6) Shut down the mgmt0 port
7) Pre-provision FEXes, otherwise you won’t be able to paste the config for the FEX interfaces.
Be sure to specify the correct model.. N2K-C2248T is correct for N2K-C2248TP-1GE

slot 102
provision model N2K-C2248T 
slot 103
provision model N2K-C2248T
…etc

Some config may look like it’s in a different order to the peer when pre-provisioned but it will sort itself out when the FEXes are online.
8) Apply the correct config via console (see note above regarding channel-group bug) – double check any long lines such as spanning-tree vlan config. Remove the additional management VRF default route from step 3 if it’s different to the config you put in.
9) Shut down all ports (including mgmt) – use range commands ie: int e1/1-48
10) Connect all cables to ports

NB: Cisco say to change the vpc role priority to a higher value on the replacement but this was not necessary as we’re not using config sync. Also, the VPC peer role does not pre-empt, so if replacing primary, for example, the secondary will stay in “secondary, operational primary” state.

Re-introduction:

Monitor console messages for anything strange from the Dist layer with term mon.
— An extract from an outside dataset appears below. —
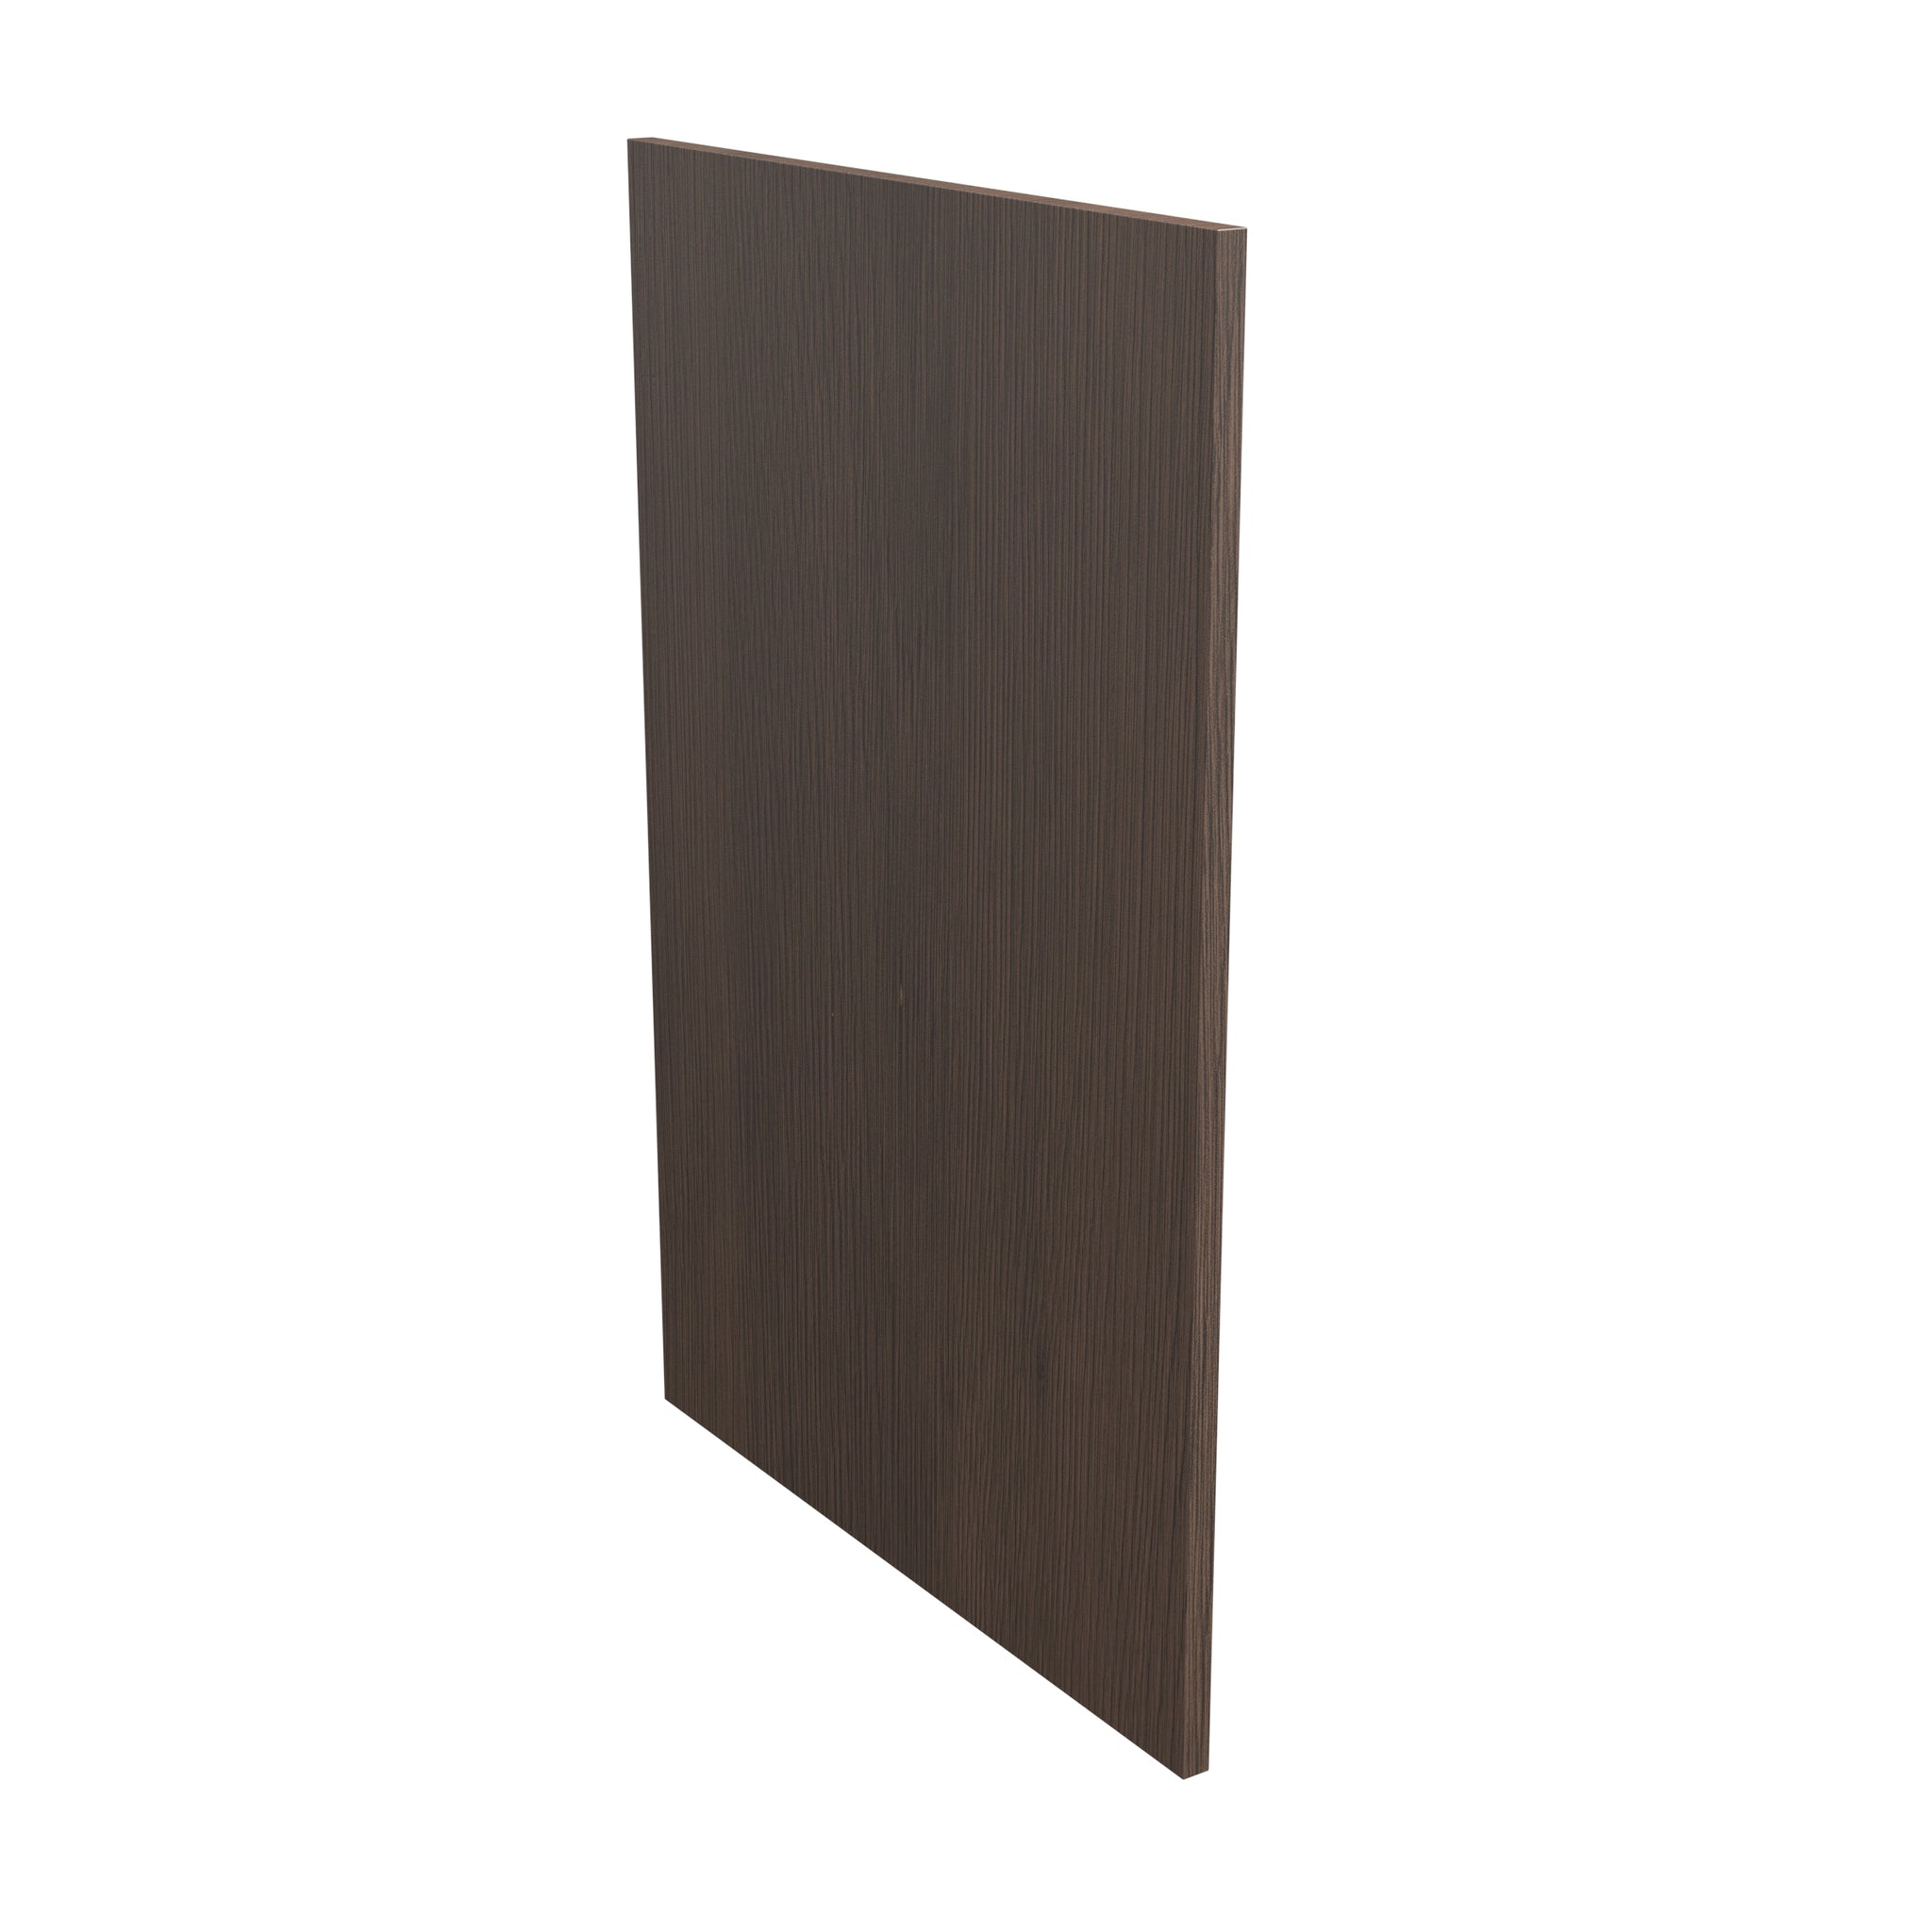 Base End Panel| Matrix Silver | 0.75W x 34.5H x 24D

You should see VPCs come up OK. I also set several pings running to hosts in the row that are connected to the now single-homed FEXes.
1) Open up mgmt port from console which will now have the correct IP. Check you can ping peer unit.
2) Open up all infrastructure liks to core/dist layer and the peer unit
3) Open FEX links (I did one pair of links at a time to catch any cabling issues – paranoid!)
4) Test!

Useful commands:

show vpc role
show fex
show vpc consistency-parameters vpc xxx
show vpc peer-keepalive
show port-channel database int poXXX